Some important background information: A key idea in ftputil
is that it uses the same APIs as the Python standard library
where possible. For example, with ftputil you can write code
like this:

with ftputil.FTPHost(host, user, password) as ftp_host:
# Like `os.path.isdir`, but works on the FTP server.
if ftp_host.path.isdir("hello_dir"):
# Like `os.chdir`, but works on the FTP server.
ftp_host.chdir("hello_dir")
# Like the `open` builtin, but opens a remote file.
with ftp_host.open("new_file", "w") as fobj:
# Like `file.write` and `file.close`
fobj.write("Hello world!")
fobj.close()

Since most of Python 2's and Python 3's filesystem-related
APIs accept either bytes and character strings (and return
the same type if they return anything string-like at all),
the design here is rather clear to me.

However, I have some difficulty with ftputil's counterpart
of the `open` builtin function when files are opened for
reading in text mode. Here are the approaches I've been
thinking of so far:

* Approach 1

When opening remote text files for reading, ftputil will
return byte strings from `read(line/s)` when run under
Python 2 and unicode strings when run under Python 3.

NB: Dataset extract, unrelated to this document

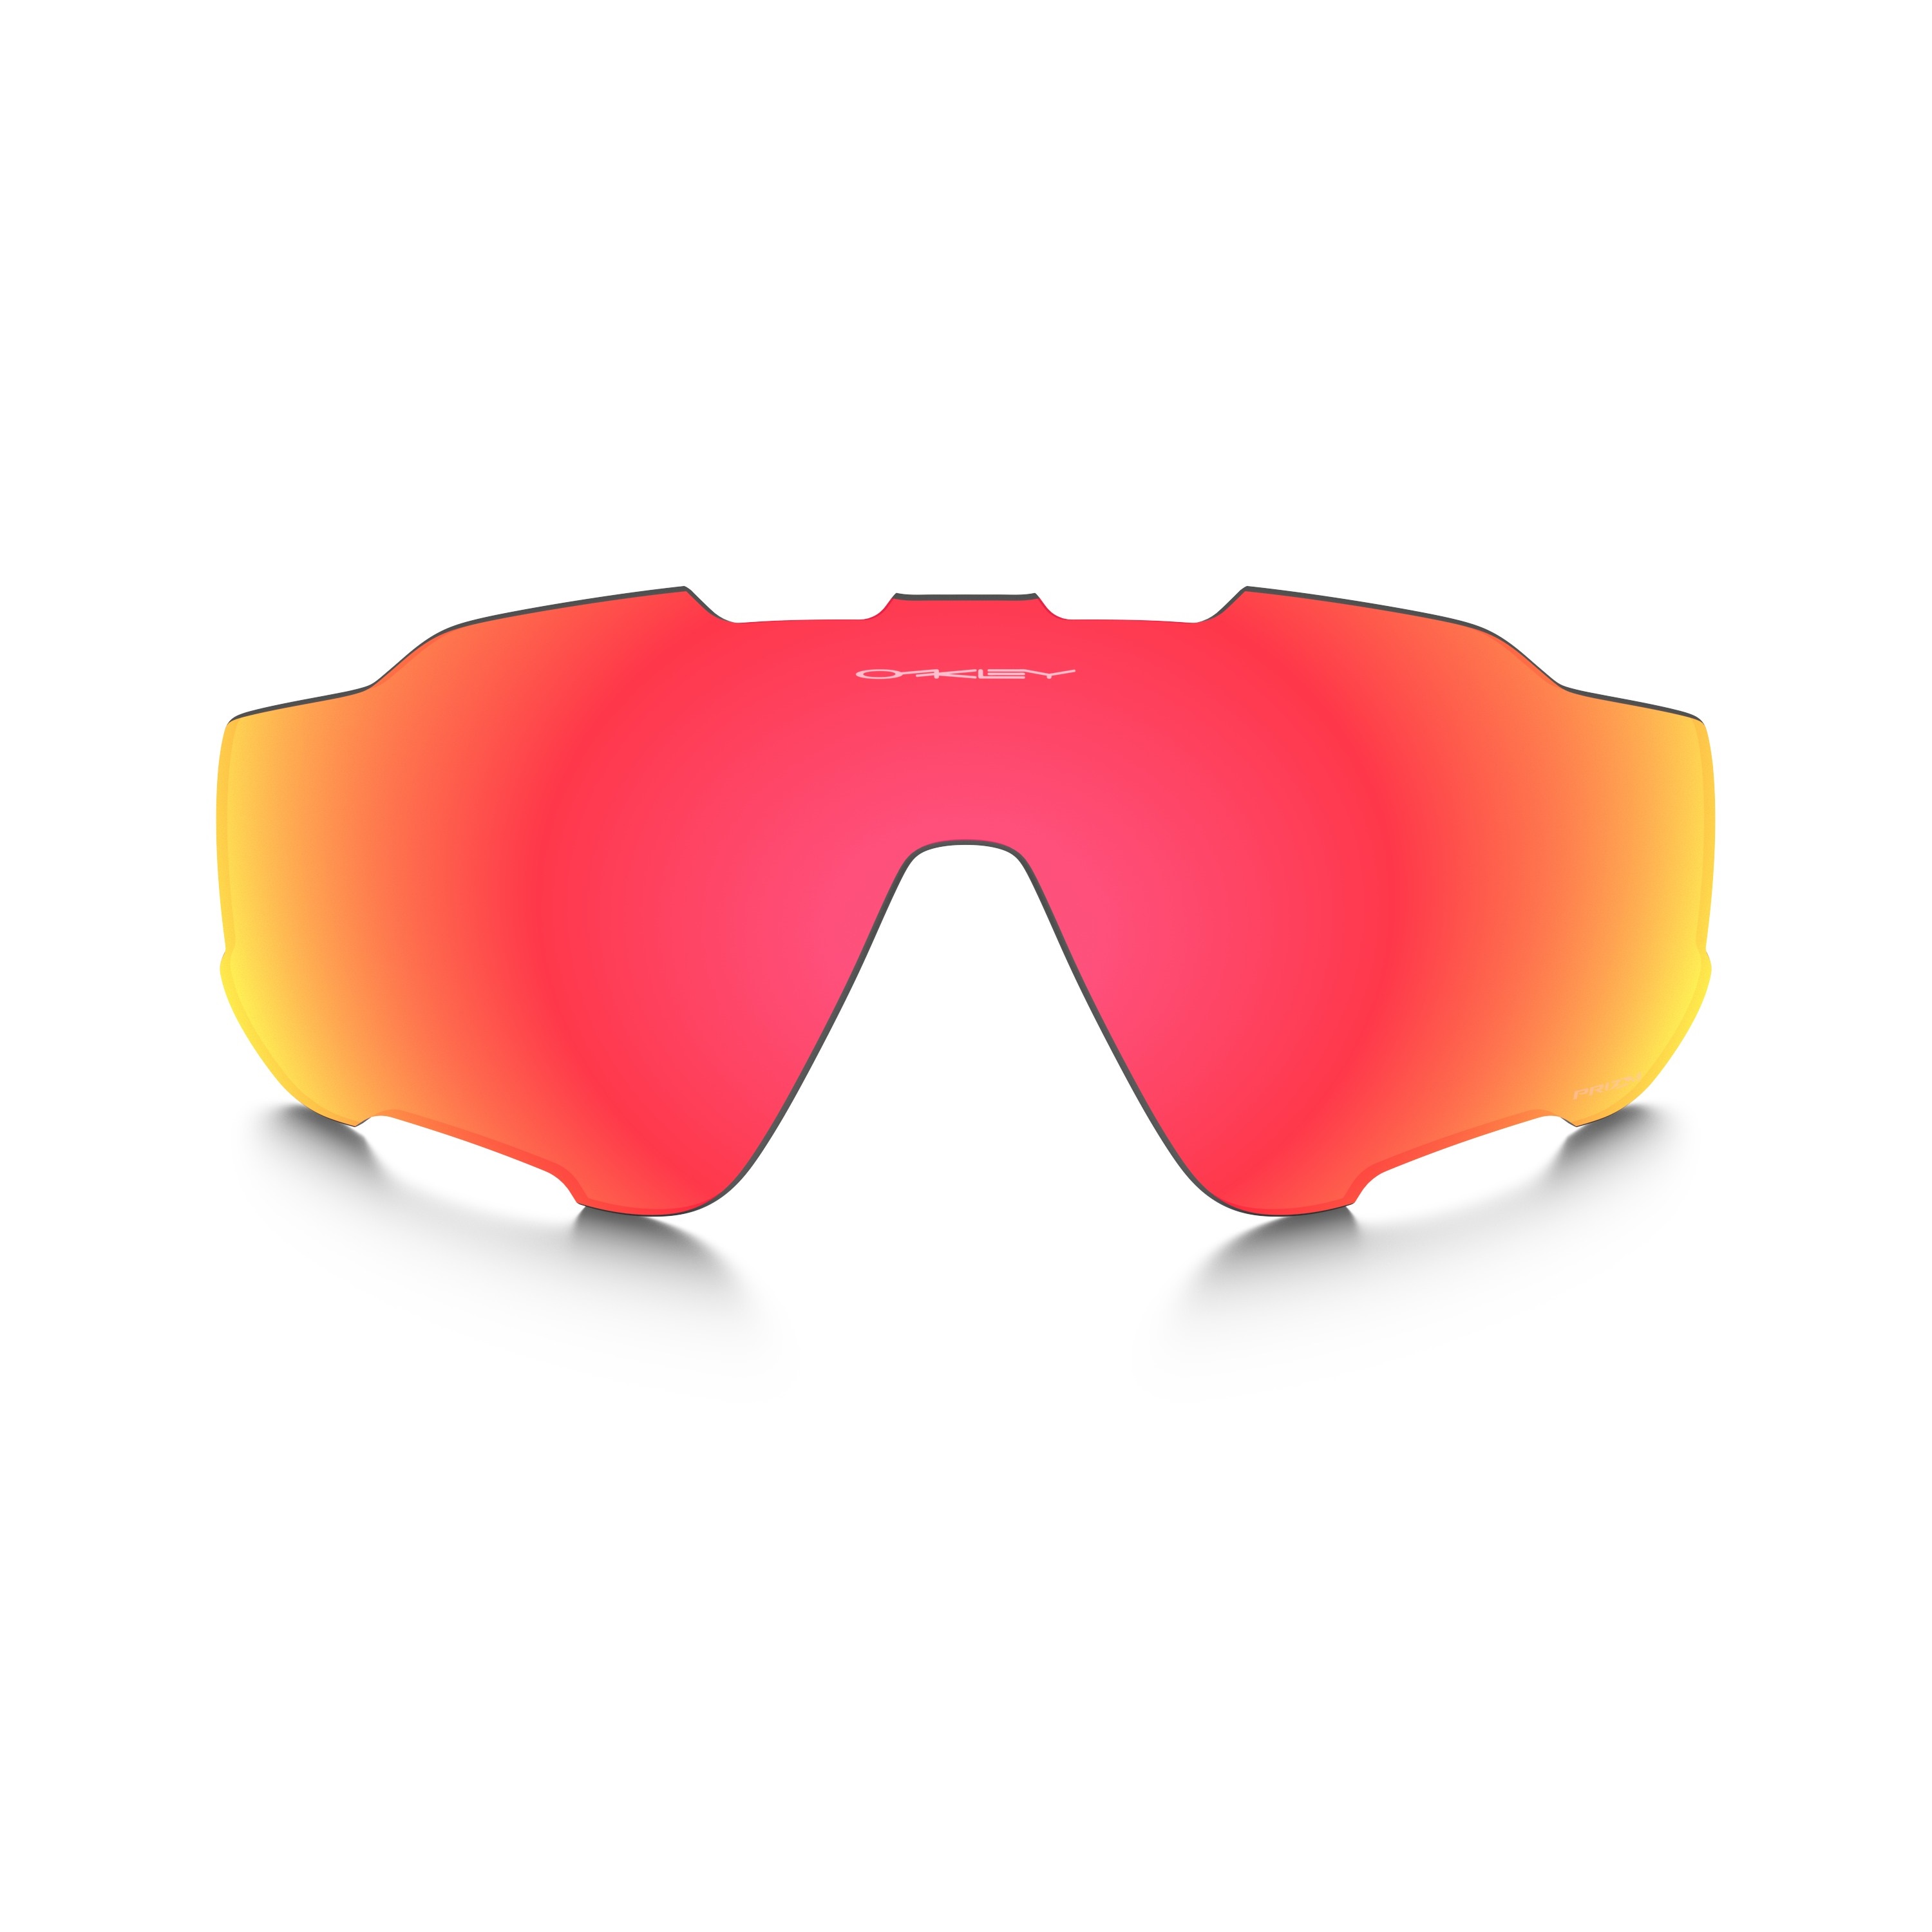 Buy Jawbreaker Replacement Lens Prizm Ruby here | Outnorth

Pro: Each of the Python versions has ftputil behavior
which matches the Python standard library behavior of
the respective Python version.

Con: Developers who want to use ftputil under Python 2
_and_ 3 have to program against two different APIs since
their code "inherits" ftputil's duality.

Con: Support for two different APIs will make the
ftputil code (at least a bit) more complicated than just
returning unicode strings under both Python versions.

* Approach 2

When opening remote text files for reading, ftputil will
always return unicode strings from `read(line/s)`,
regardless of whether it runs under Python 2 or Python 3.

Pro: Uniform API, independent on underlying Python
version.

Pro: Supporting a single API will result in cleaner code
in ftputil than when supporting different APIs (see
above).

Con: This approach might break some code which expects
the returned strings under Python 2 to be byte strings.

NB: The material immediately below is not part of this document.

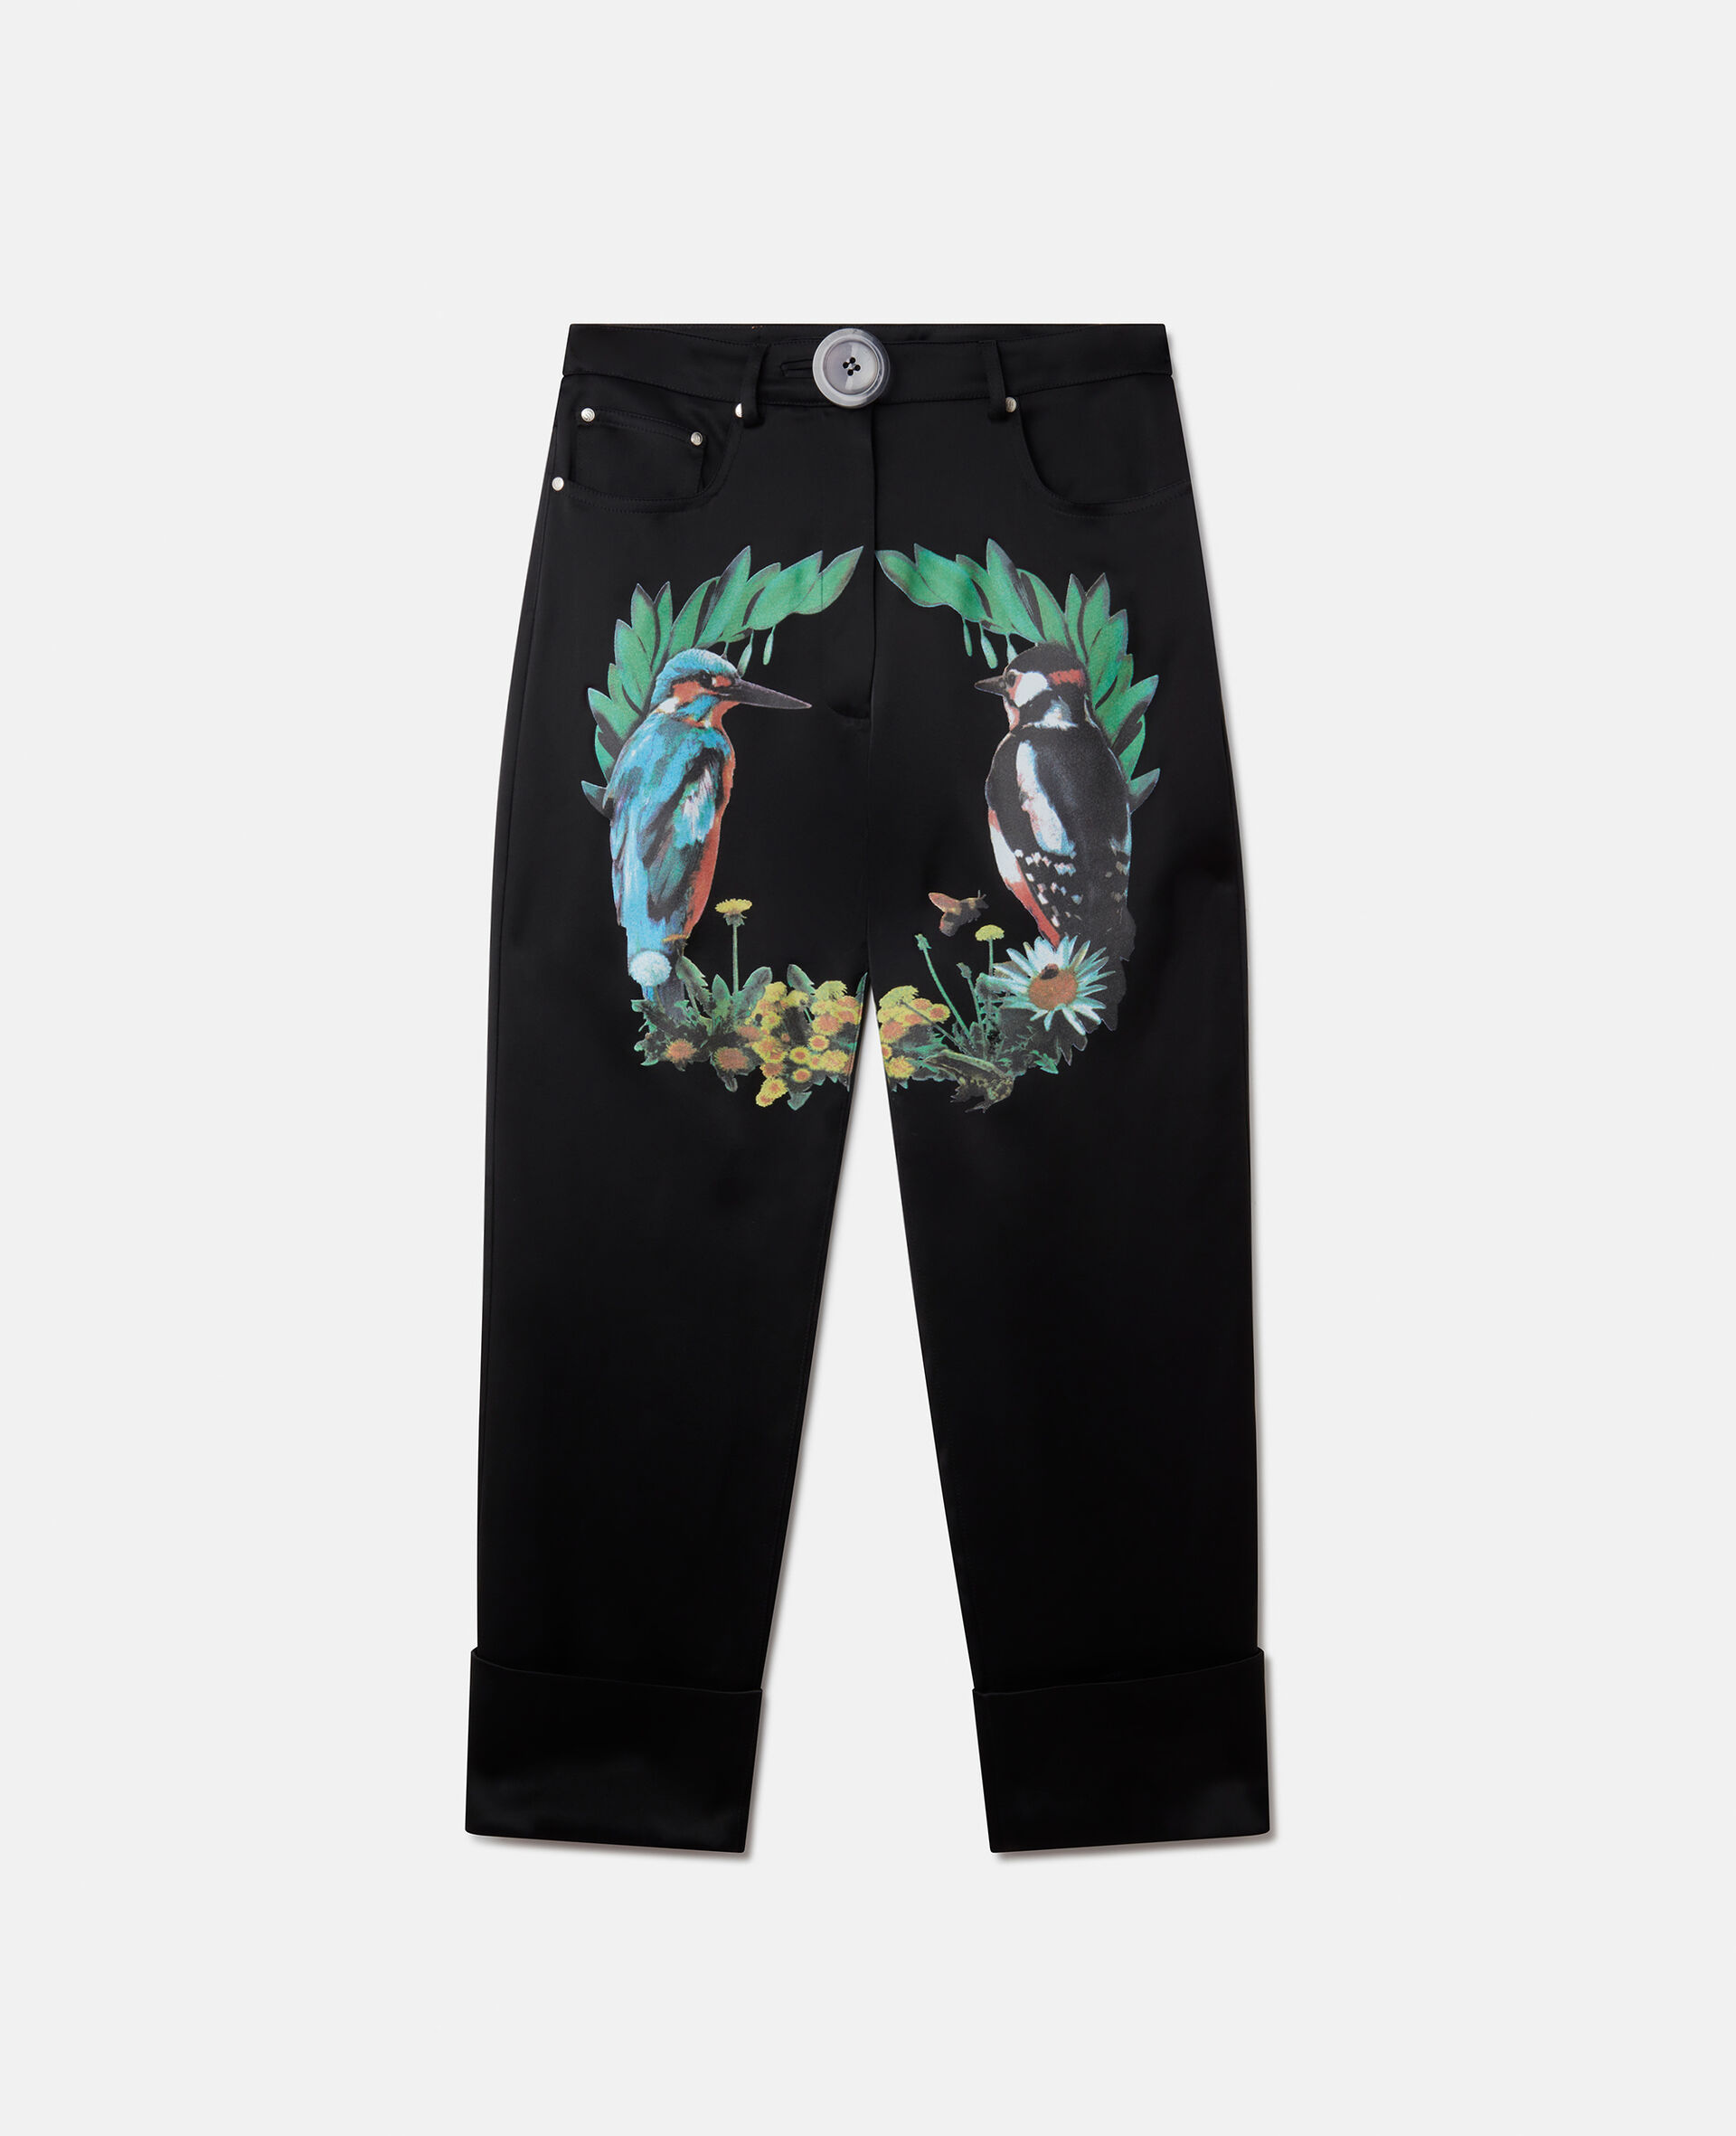 Bird Crest Print Satin Tailored Trousers-Black-large image number 0

Con: Developers who only use Python 2 might be confused
if ftputil returns unicode strings from `read(line/s)`
since this behavior doesn't match files opened with
`open` in Python 2.

Which approach do you recommend and why do you prefer that
approach? Are there other approaches I have overlooked? Do
you have other suggestions?

Best regards,
Stefan
 
T

Terry Jan Reedy

Hello,

I'm currently changing the FTP client library ftputil [1]
so that the same code of the library works with Python
2 (2.6 and up) and Python 3. (At the moment the code is for
Python 2 only.) I've run into a API design issue where I
don't know which API I should offer ftputil users under
Python 2 and Python 3.

[1] http://ftputil.sschwarzer.net/

Some important background information: A key idea in ftputil
is that it uses the same APIs as the Python standard library
where possible. For example, with ftputil you can write code
like this:

with ftputil.FTPHost(host, user, password) as ftp_host:
# Like `os.path.isdir`, but works on the FTP server.
if ftp_host.path.isdir("hello_dir"):
# Like `os.chdir`, but works on the FTP server.
ftp_host.chdir("hello_dir")
# Like the `open` builtin, but opens a remote file.
with ftp_host.open("new_file", "w") as fobj:
# Like `file.write` and `file.close`
fobj.write("Hello world!")
fobj.close()

Since most of Python 2's and Python 3's filesystem-related
APIs accept either bytes and character strings (and return
the same type if they return anything string-like at all),
the design here is rather clear to me.

However, I have some difficulty with ftputil's counterpart
of the `open` builtin function when files are opened for
reading in text mode. Here are the approaches I've been
thinking of so far:

* Approach 1

When opening remote text files for reading, ftputil will
return byte strings from `read(line/s)` when run under
Python 2 and unicode strings when run under Python 3.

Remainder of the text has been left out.